Positron emission tomography imaging of CD105 expression with 89Zr-Df-TRC105
High tumor microvessel density correlates with a poor prognosis in multiple solid tumor types. The clinical gold standard for assessing microvessel density is CD105 immunohistochemistry on paraffin-embedded tumor specimens. The goal of this study was to develop an 89Zr-based PET tracer for noninvasive imaging of CD105 expression.
TRC105, a chimeric anti-CD105 monoclonal antibody, was conjugated to p-isothiocyanatobenzyl-desferrioxamine (Df-Bz-NCS) and labeled with 89Zr. FACS analysis and microscopy studies were performed to compare the CD105 binding affinity of TRC105 and Df-TRC105. PET imaging, biodistribution, blocking, and ex-vivo histology studies were performed on 4T1 murine breast tumor-bearing mice to evaluate the pharmacokinetics and tumor-targeting of 89Zr-Df-TRC105. Another chimeric antibody, cetuximab, was used as an isotype-matched control.

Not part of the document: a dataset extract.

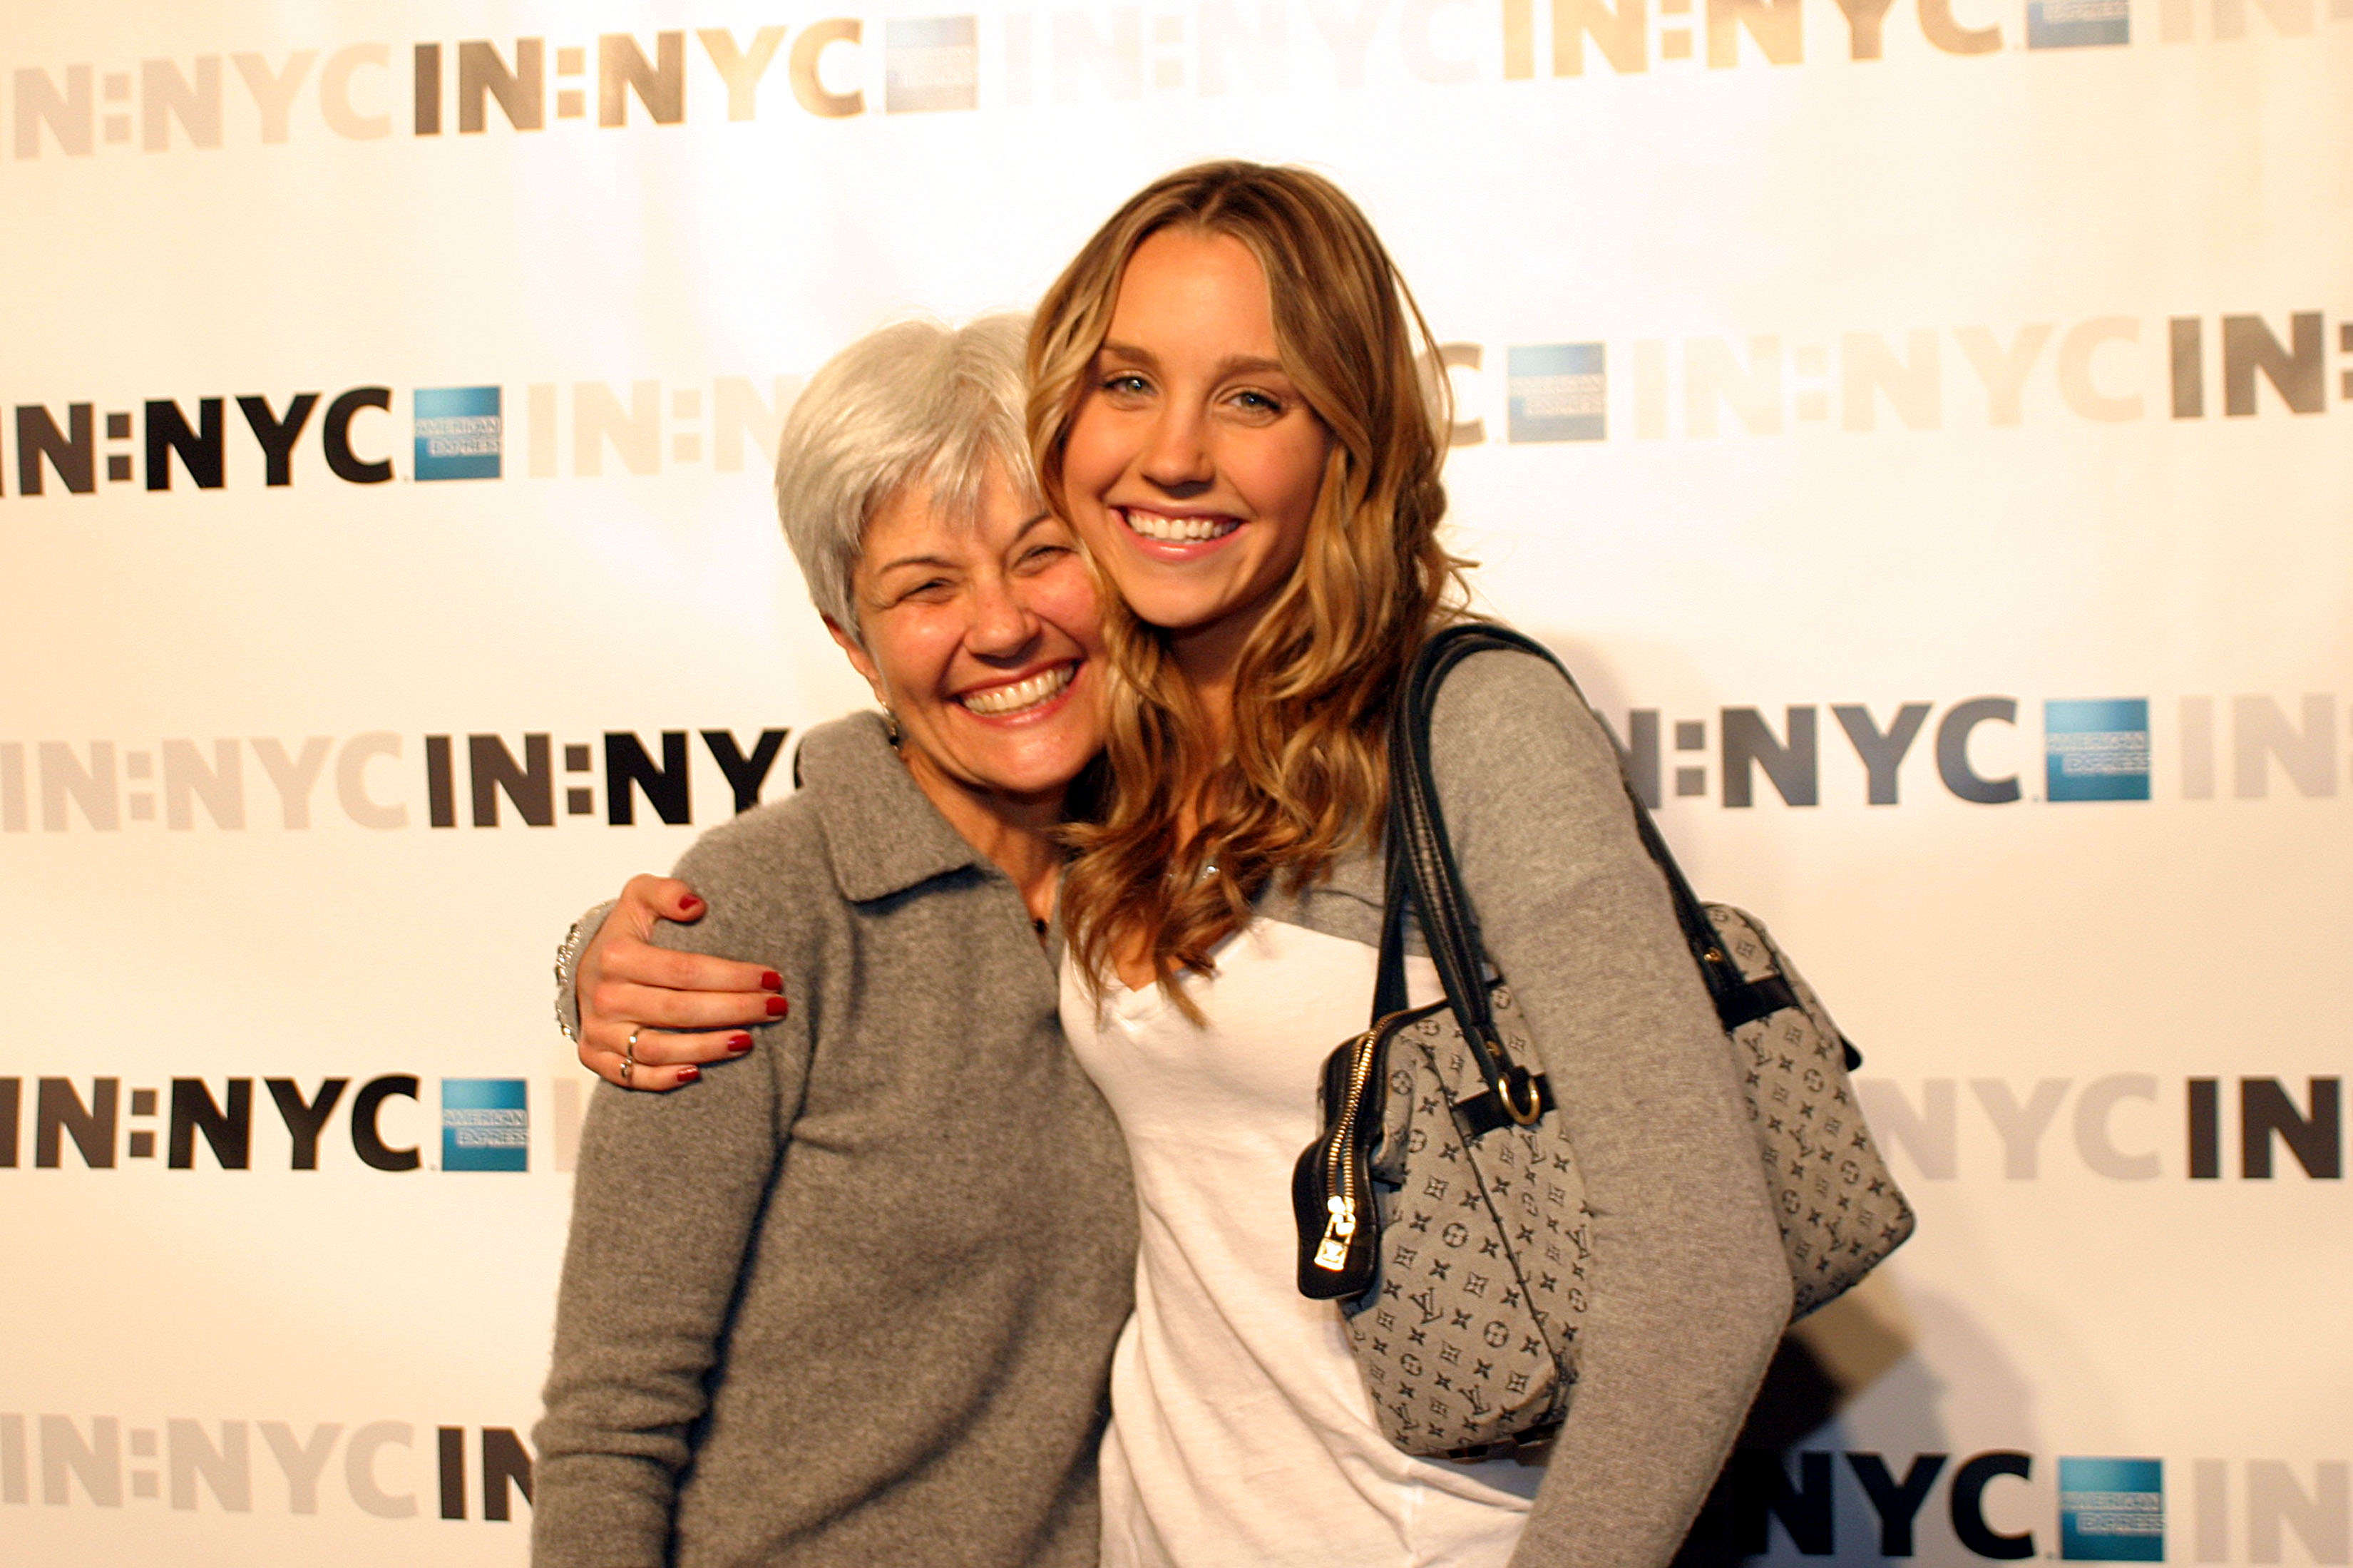 Actress Amanda Bynes and her mom on October 7, 2004, at Skylight, in New York City. | Source: Getty Images

FACS analysis of HUVECs revealed no difference in CD105 binding affinity between TRC105 and Df-TRC105, which was further validated by fluorescence microscopy. 89Zr labeling was achieved with high yield and specific activity. Serial PET imaging revealed that the 4T1 tumor uptake of 89Zr-Df-TRC105 was 6.1 ± 1.2, 14.3 ± 1.2, 12.4 ± 1.5, 7.1 ± 0.9, and 5.2 ± 0.3 %ID/g at 5, 24, 48, 72, and 96 h after injection, respectively (n = 4), higher than all organs starting from 24 h after injection, which provided excellent tumor contrast. Biodistribution data as measured by gamma counting were consistent with the PET findings. Blocking experiments, control studies with 89Zr-Df-cetuximab, and ex-vivo histology all confirmed the in vivo target specificity of 89Zr-Df-TRC105.
We report here the first successful PET imaging of CD105 expression with 89Zr as the radiolabel. Rapid, persistent, CD105-specific uptake of 89Zr-Df-TRC105 in the 4T1 tumor was observed.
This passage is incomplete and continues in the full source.